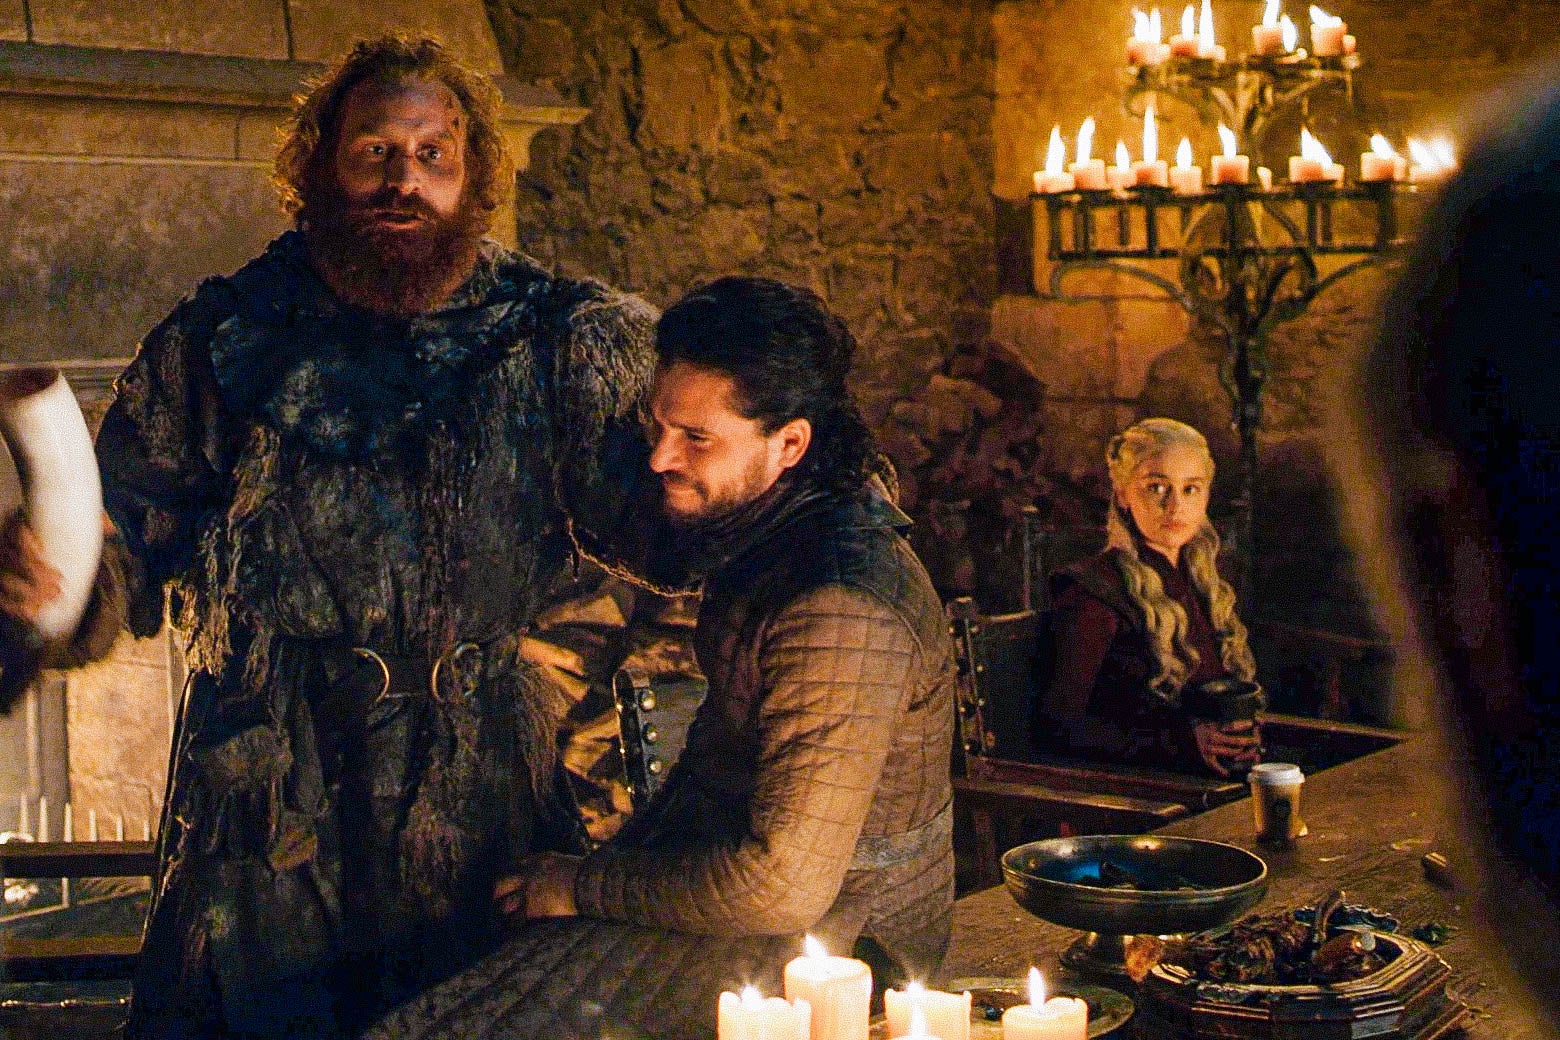 A shot from Game of Thrones in which a disposable coffee cup is on the table at an old-timey banquet.
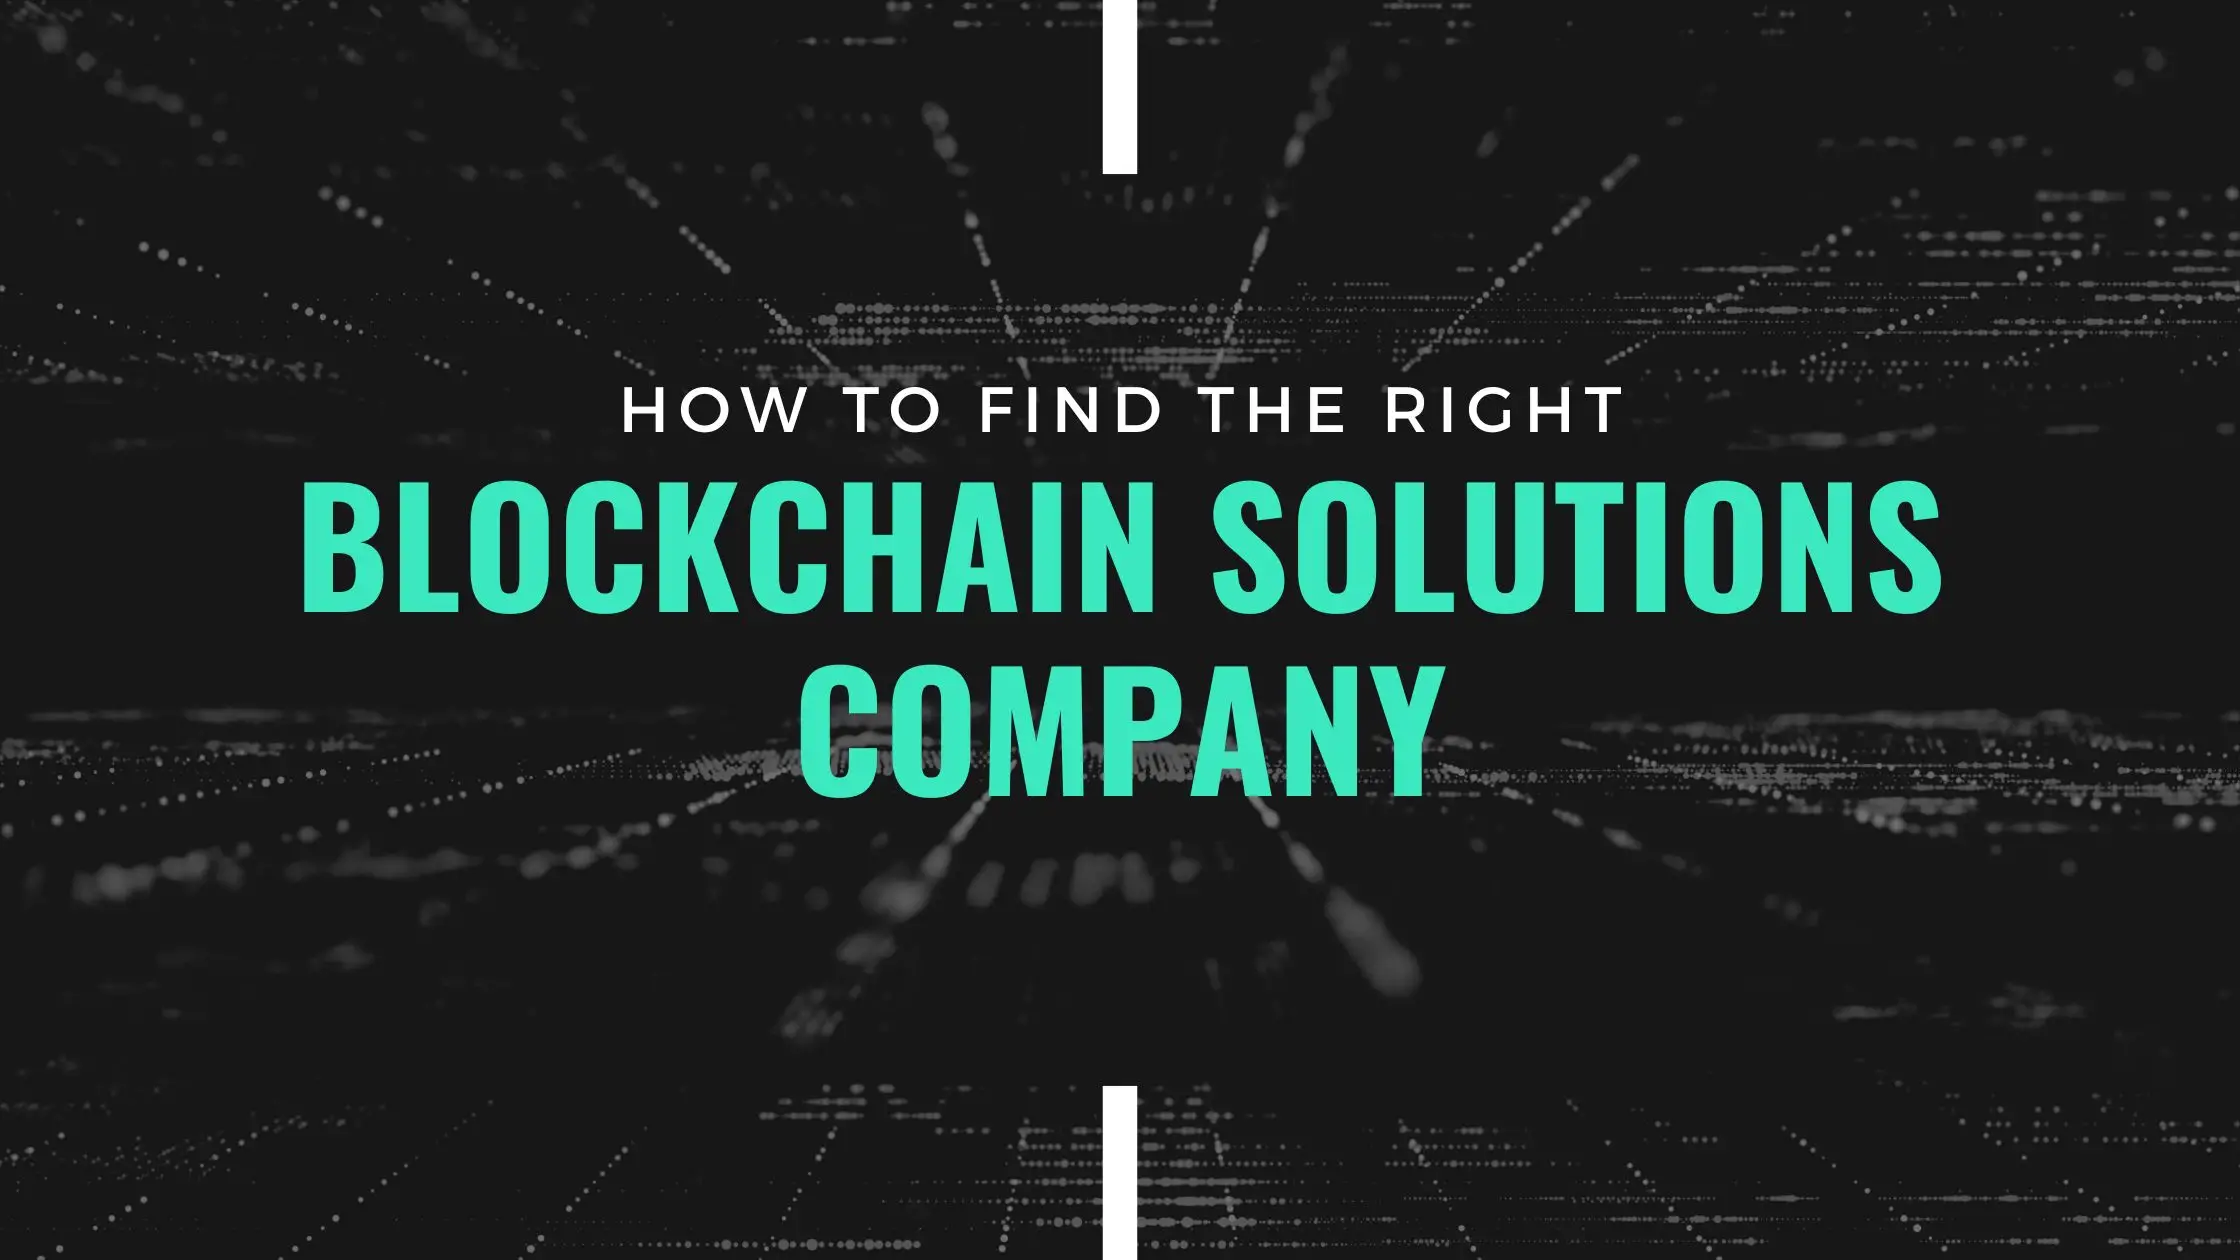 How to find the right blockchain solutions company
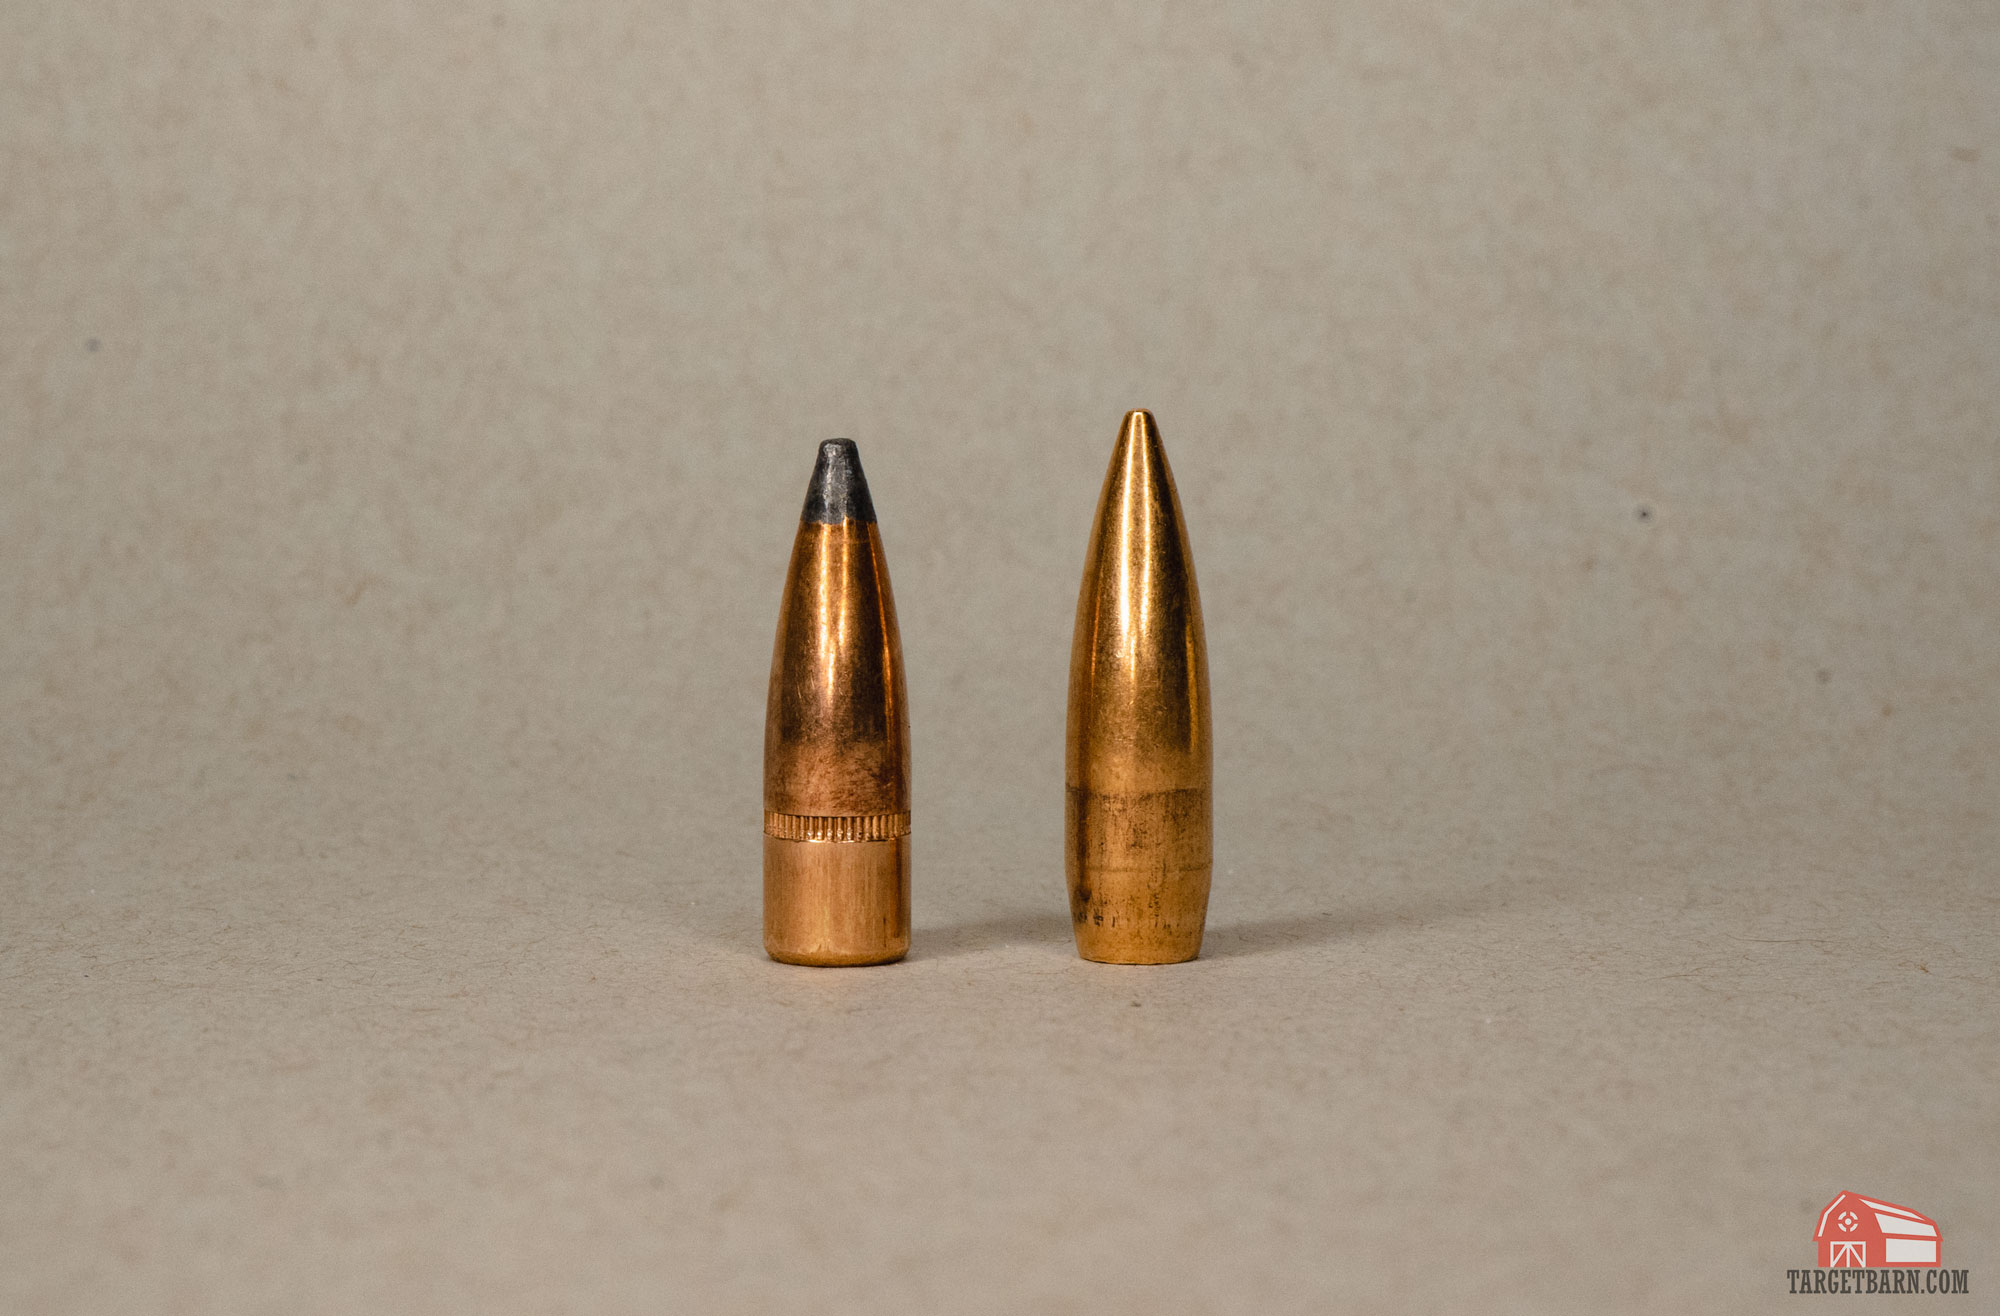 What's A Boat Tail Bullet? --- Any Advantages To Them?
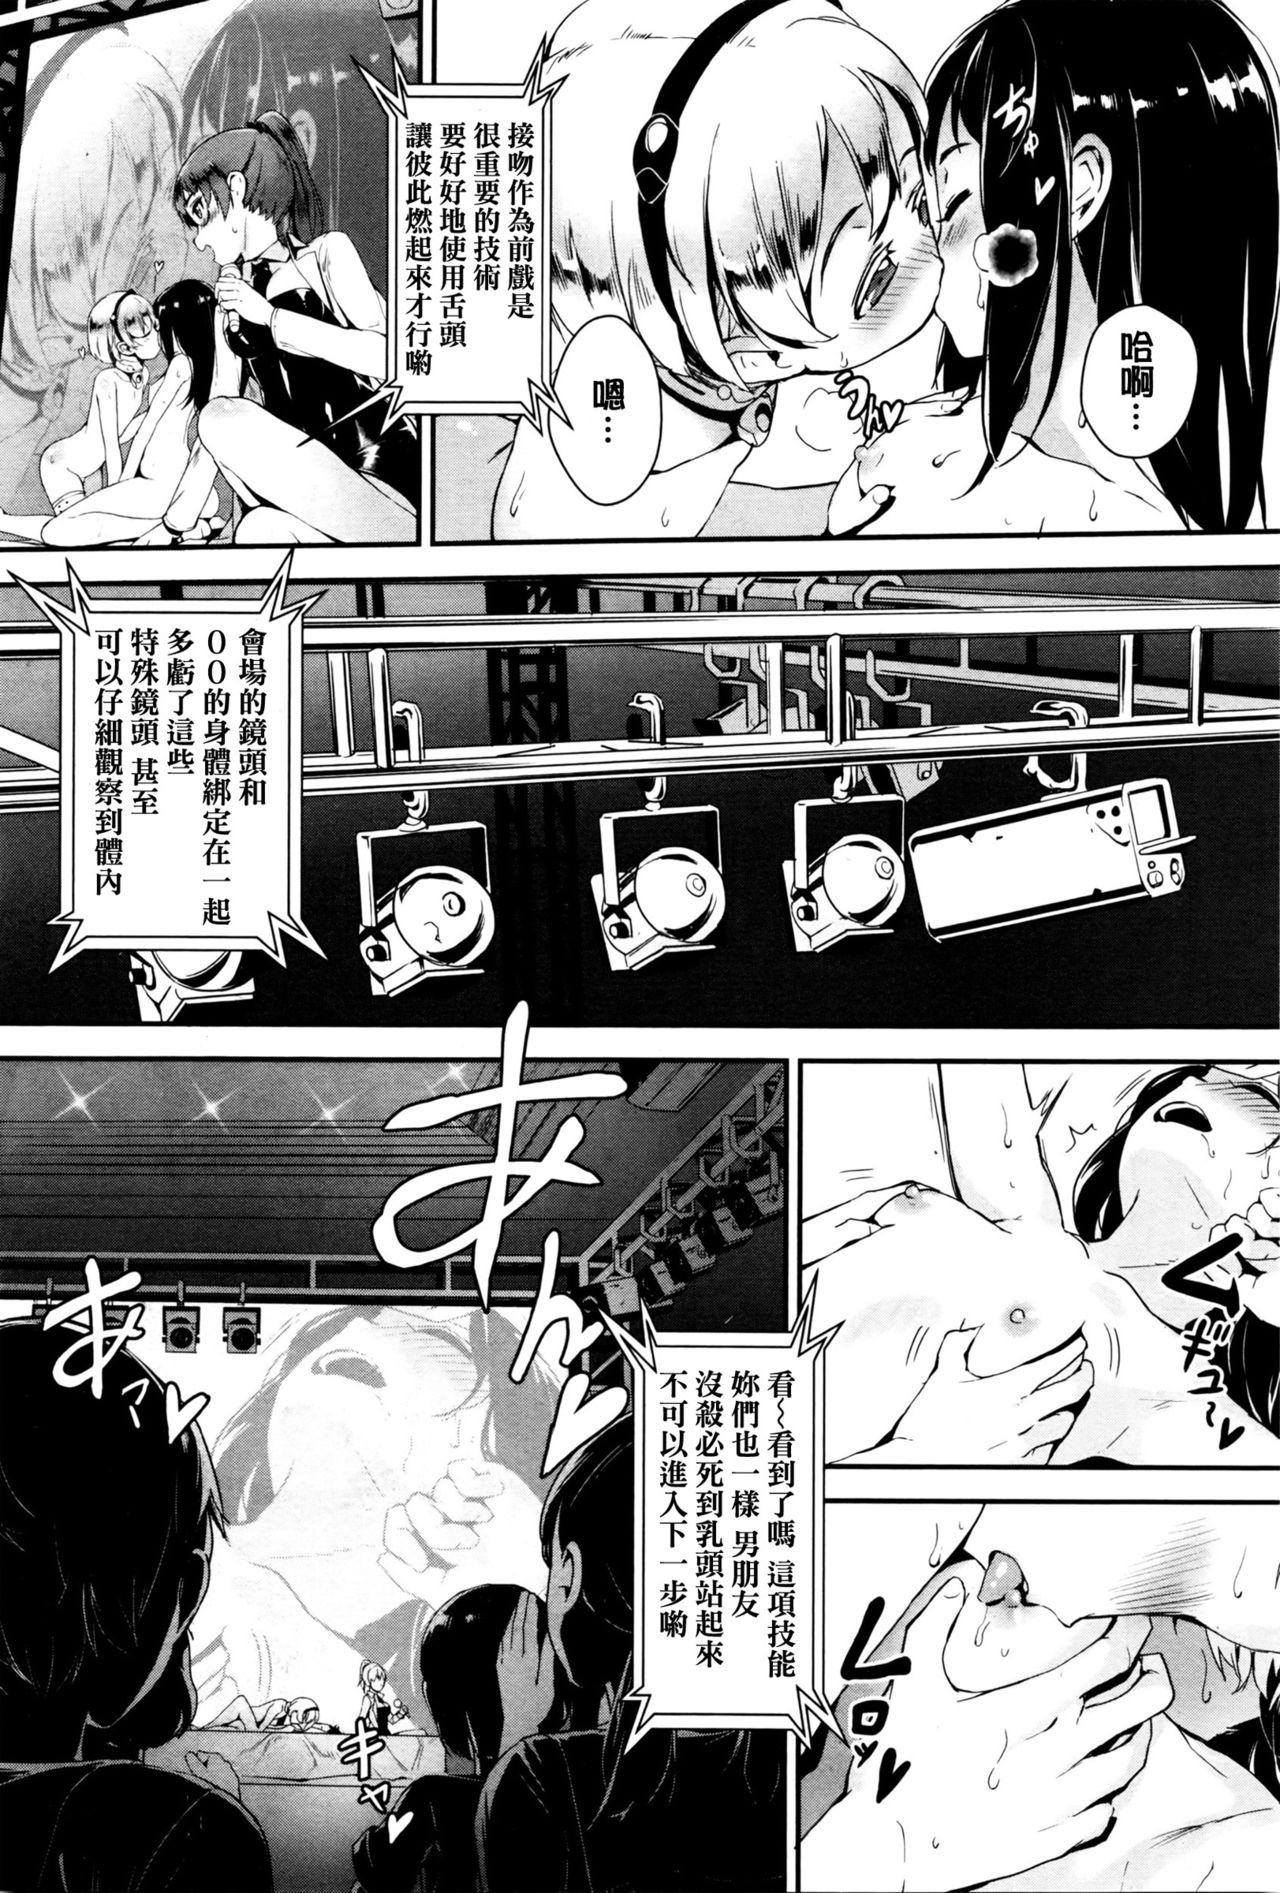 [Jairou] T.F.S - Training For Sex Ch. 1-3 [Chinese] 13

================================

• **PROBLEM DESCRIPTION**
Copy out, with no pictures, the lines from the one containing "How to find" through the last line of the data above, both ends included and each word unchanged.

• **EXPECTED OUTPUT**
 How to find the right blockchain solutions company
 What's A Boat Tail Bullet? --- Any Advantages To Them?
 [Jairou] T.F.S - Training For Sex Ch. 1-3 [Chinese] 13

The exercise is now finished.